Your OMs aren't doing their job. Plain and simple. Probably not even looking at trailer feedback forms or following up. No followups means no notes and no CA's so no consequences. 

Give it time. Someone will either come down hard on or replace your senior and then shake everything up.


----------



## RWTM (Nov 4, 2021)

Aging freight purges while scan gaps/cherry picking increase?


----------



## RWTM (Nov 4, 2021)

Kostin said:


> Aging freight purges while scan gaps/cherry picking increase?


& priority stickers are now appearing on everything it seems…


----------



## Luck (Nov 4, 2021)

Kostin said:


> Aging freight purges while scan gaps/cherry picking increases?


We have a system in place where we blockade off all of the noncon with orange cones.
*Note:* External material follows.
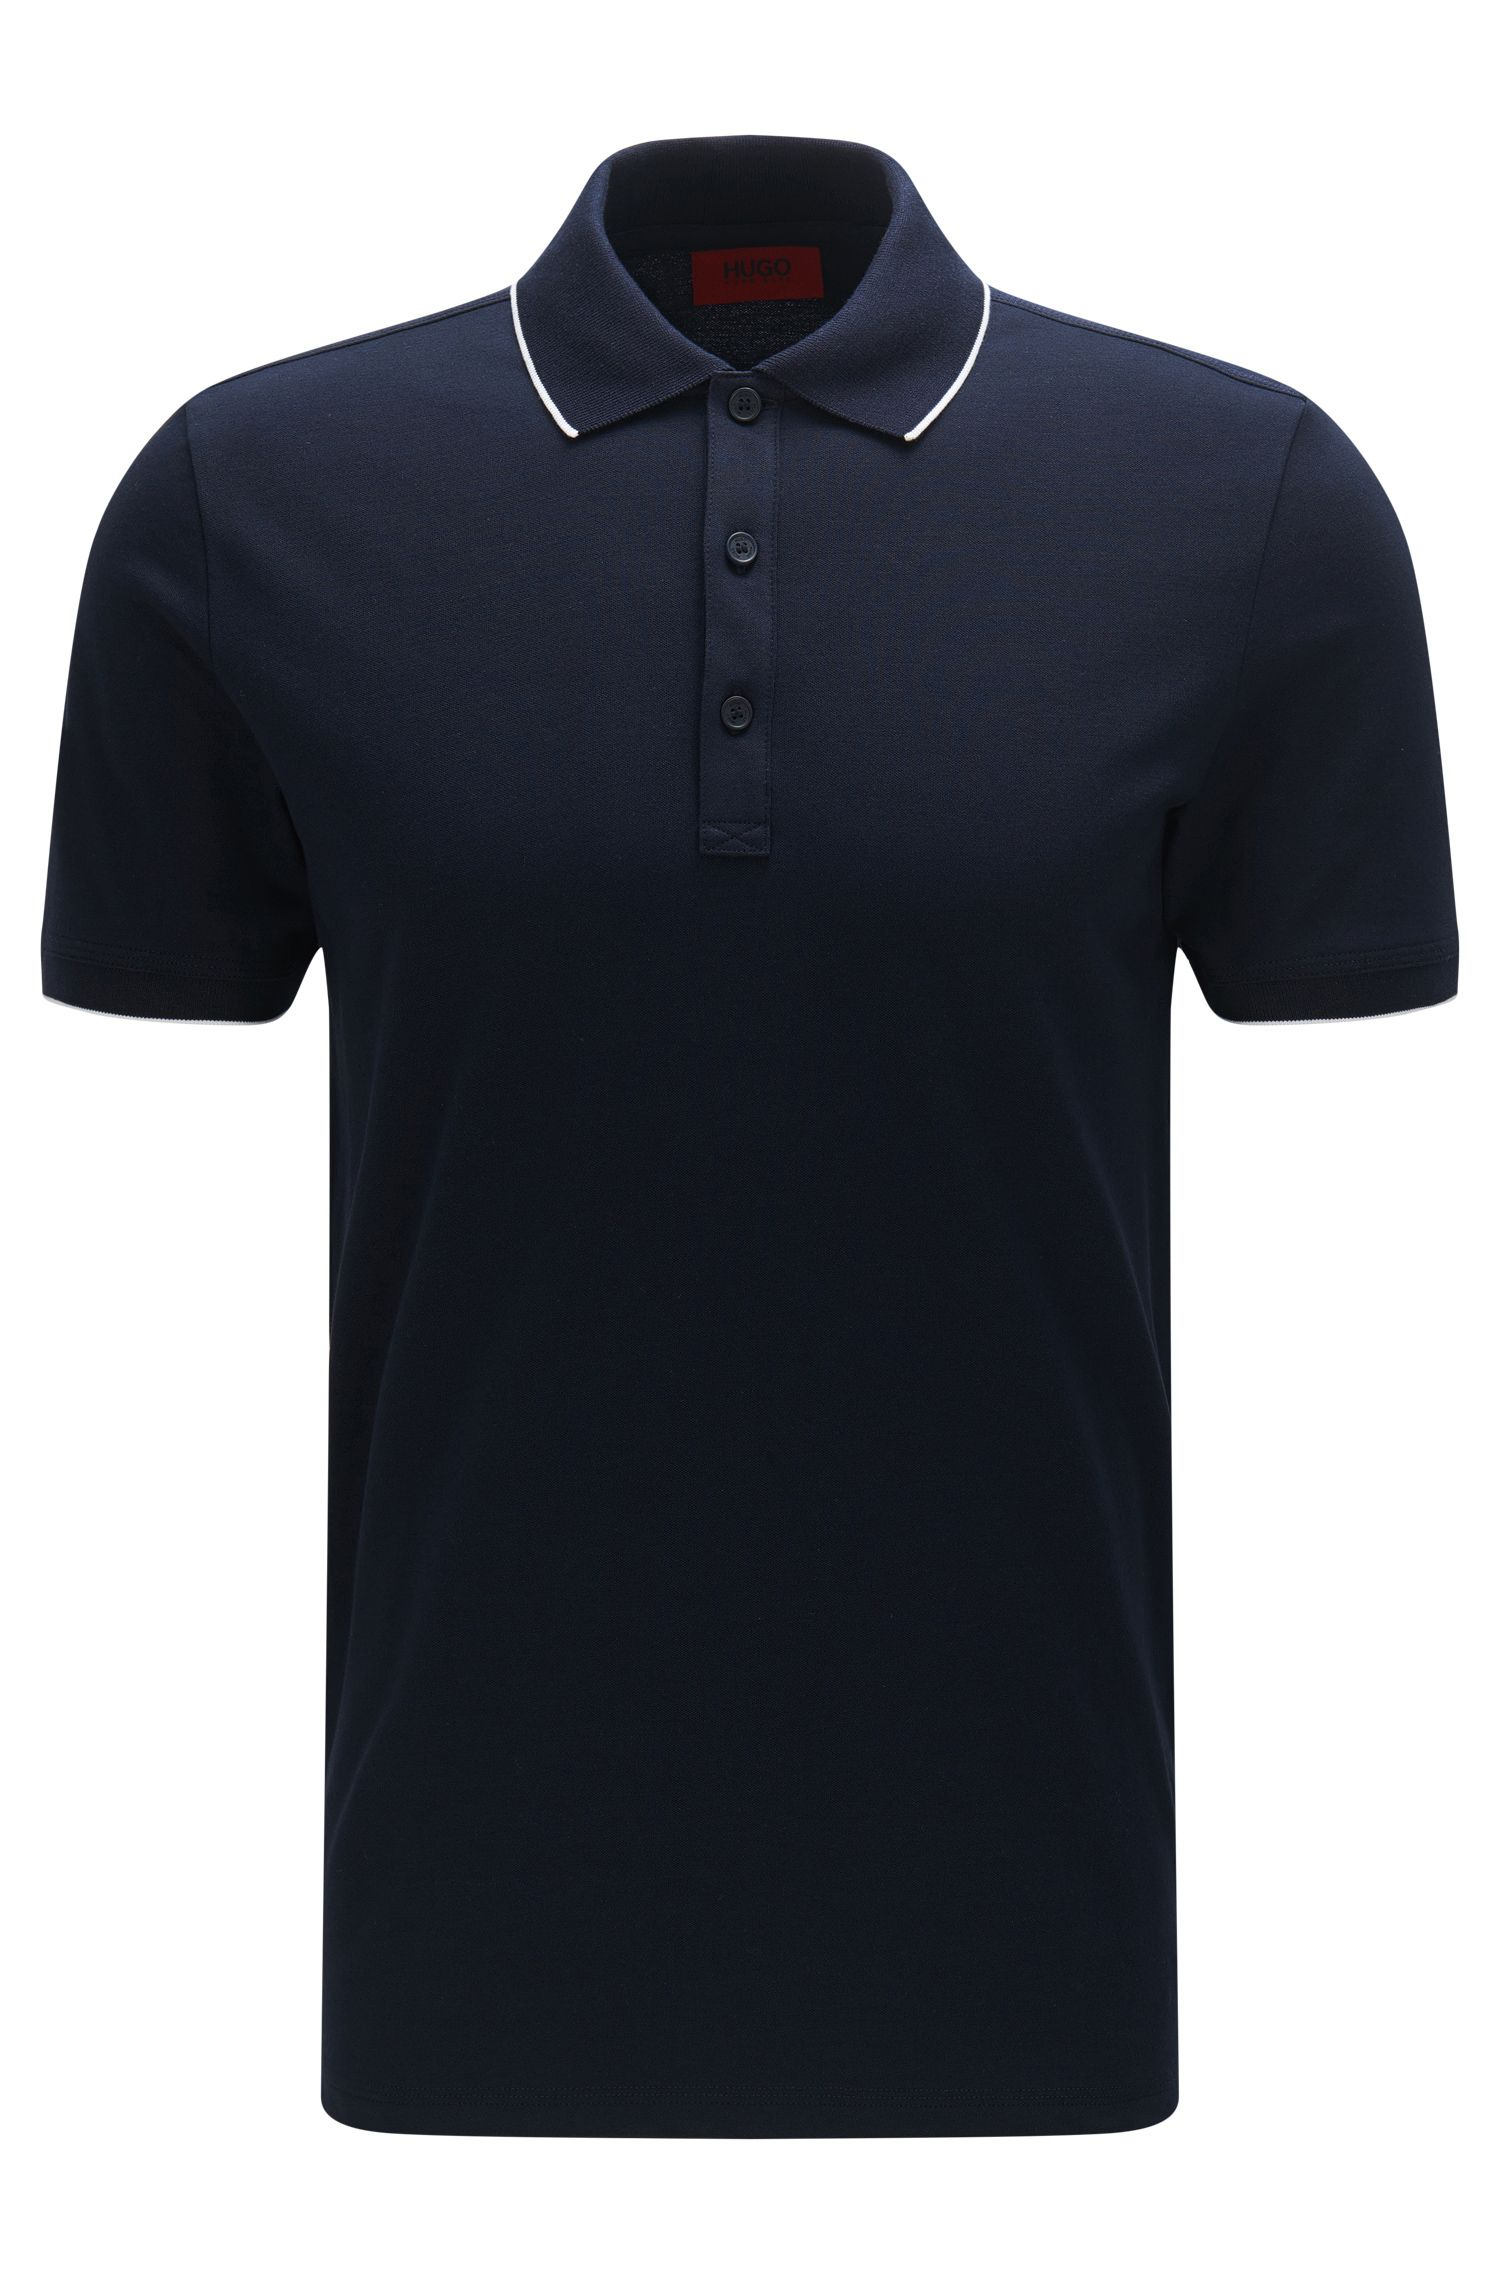 'Delorian' | Slim Fit, Stretch Cotton Polo Shirt

Only one row is left exposed at a time to control what pallets are being taken. Typically it's just done in a left-to-right fashion to maintain order and aid in clearing out space for the noncon GPMers but we also utilize this to ensure older freight is sorted first, or if there is a specific reason we want something sorted first or not sorted yet. 
Maybe try that especially since you will be in that area auditing all day you can control what people take.


----------



## RWTM (Nov 8, 2021)

Hal said:


> Your OMs aren't doing their job. Plain and simple. Probably not even looking at trailer feedback forms or following up. No followups means no notes and no CA's so no consequences.
> 
> Give it time. Someone will either come down hard on or replace your senior and then shake everything up.


Someone needs to come down hard! ASAP/SOS


----------



## RWTM (Nov 8, 2021)

Luck said:


> We have a system in place where we blockade off all of the noncon with orange cones. Only one row is left exposed at a time to control what pallets are being taken. Typically it's just done in a left-to-right fashion to maintain order and aid in clearing out space for the noncon GPMers but we also utilize this to ensure older freight is sorted first, or if there is a specific reason we want something sorted first or not sorted yet.
> Maybe try that especially since you will be in that area auditing all day you can control what people take.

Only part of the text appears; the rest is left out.